Sharon Voelker said that parents need more information about the state's requirements and asked whether tutors will be needed at every grade level.

"What are you going to do about kids with different reading levels . . about those who study from different textbooks, depending on the school?" she asked.

Superintendent Christine A. Neal said that a three-hour convocation of the district's 500 teachers Friday centered on the state requirements.

She asked Mrs. Voelker to be on a special committee to explore her ideas, which could include written information sent to all parents and special broadcasts on the local cable television channel.

During the business session, the board:

Moved the public forum portion of regular board meetings to the beginning of each session, before the meeting is called to order.

Adopted a calendar for the 1998-99 school budget, with discussions to begin next month because of the state-mandated schedule for a May 19 public vote.

Received the 1996-97 audit report from John Schiavone of Lumsden & McCormick, who commented: "The general fund of the district continues to be sound."

He said general fund spending was down by $453,000, marking a "first" in his experience with the district. He credited the district's conservative financial management policy.

Accepted the donation of office furniture and drafting equipment worth $2,760 for the high school technology department from Peter B. Whitmore in memory of his parents, Mr. and Mrs.
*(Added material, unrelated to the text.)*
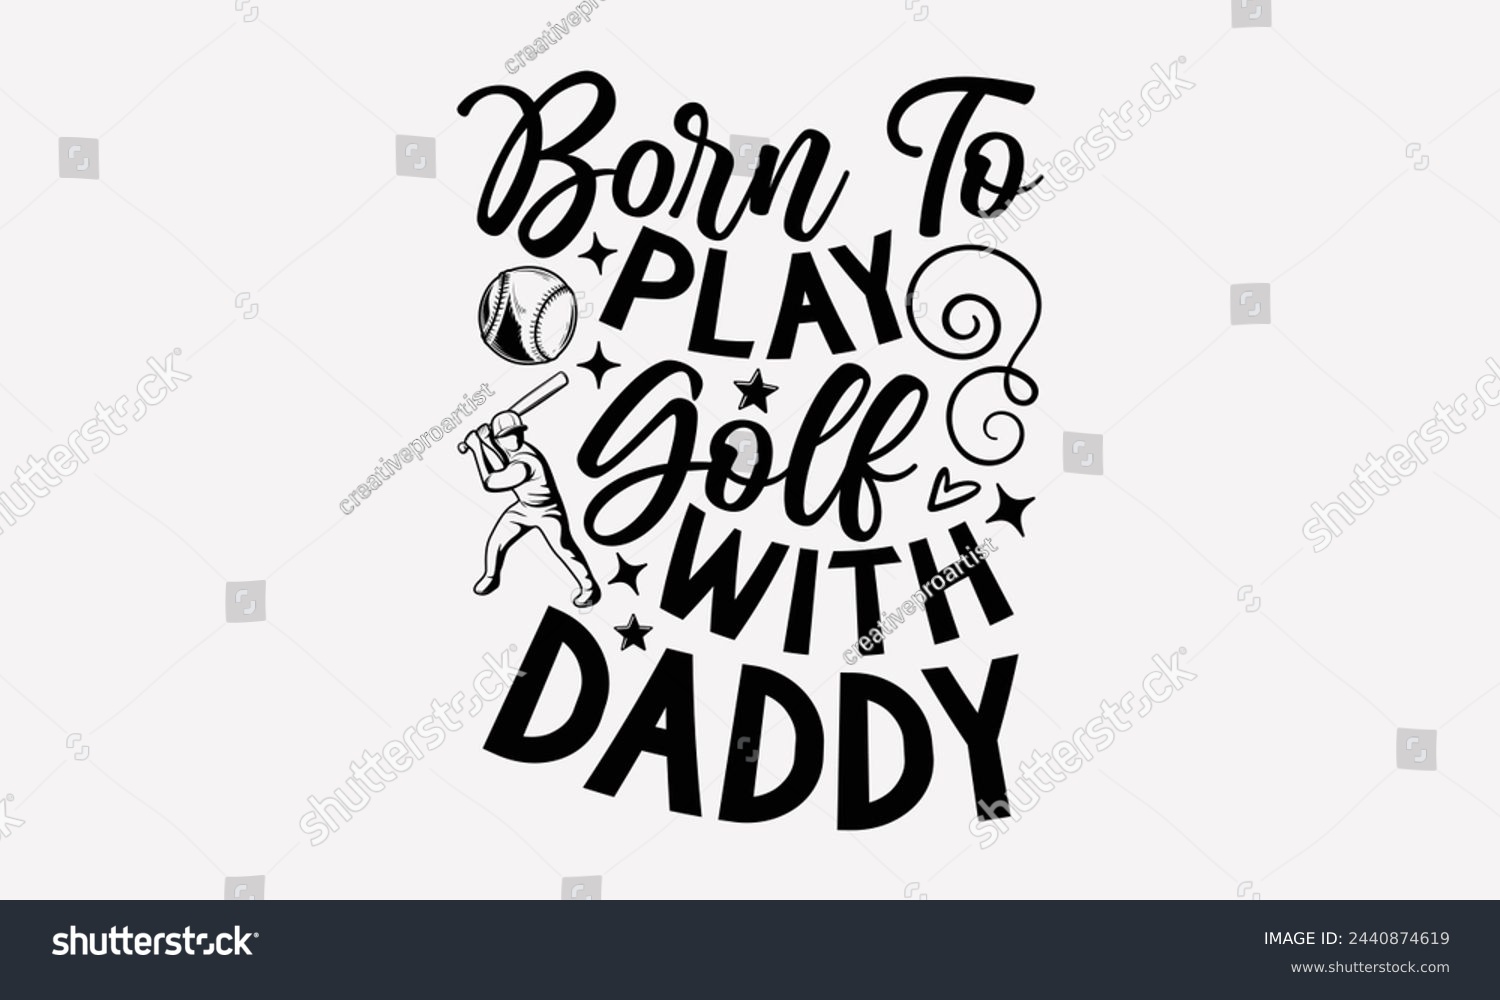 SVG of Born To Play Golf With Daddy- Golf t- shirt design, Hand drawn lettering phrase isolated on white background, for Cutting Machine, Silhouette Cameo, Cricut, greeting card template with typography text svg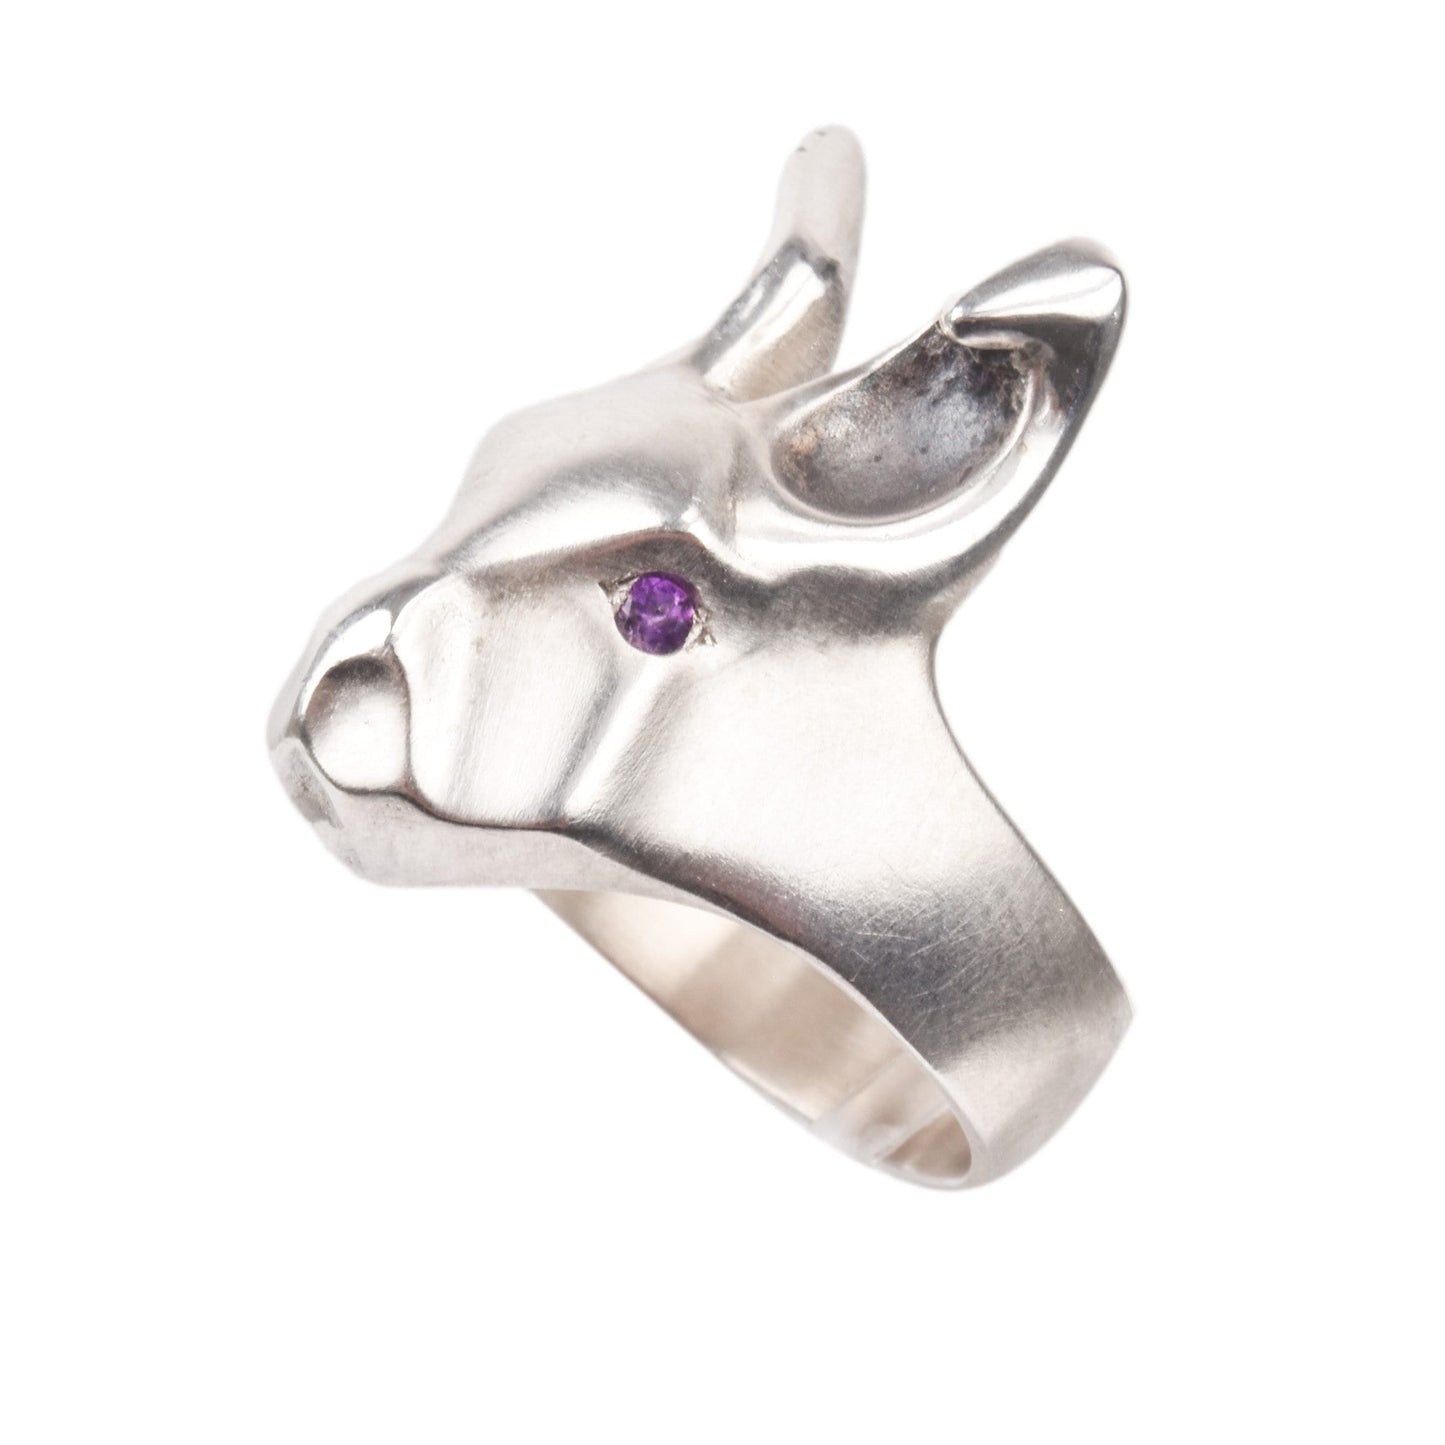 White Rabbit Ring With Amethyst Eyes, Modernist Sterling Silver Ring, Animal Jewelry, 7 1/2 US

William W. Whitmore III.

Gave special recognition to John Mosklalik, principal of Washington Hunt Elementary School; PTA co-president Lisa Muto; Lockport Savings Bank; volunteers; and the three pupils who operate a bank branch at the school. The bank branch, run under the new Start Smart program, is complete with teller windows and deposit books. Teller Nicole Stranges, a fourth-grader, said the bank took in $100 in pupil deposits in the first three weeks.

Appointed six new staff members, including Kevin Duffy, school psychologist at $34,324 a year. Others appointed at $28,500 starting salaries were, Lana Riester and Eric Domroes, high school counselors; Loretta DiCarlo, preschool special education at Anna Merritt Elementary; Debra Diez, special education at Emmet Belknap Middle School; and Jeffrey Hulshoff, regular substitute high school social studies.

Granted tenure to special education teachers Ann Jackson and Linda Faust.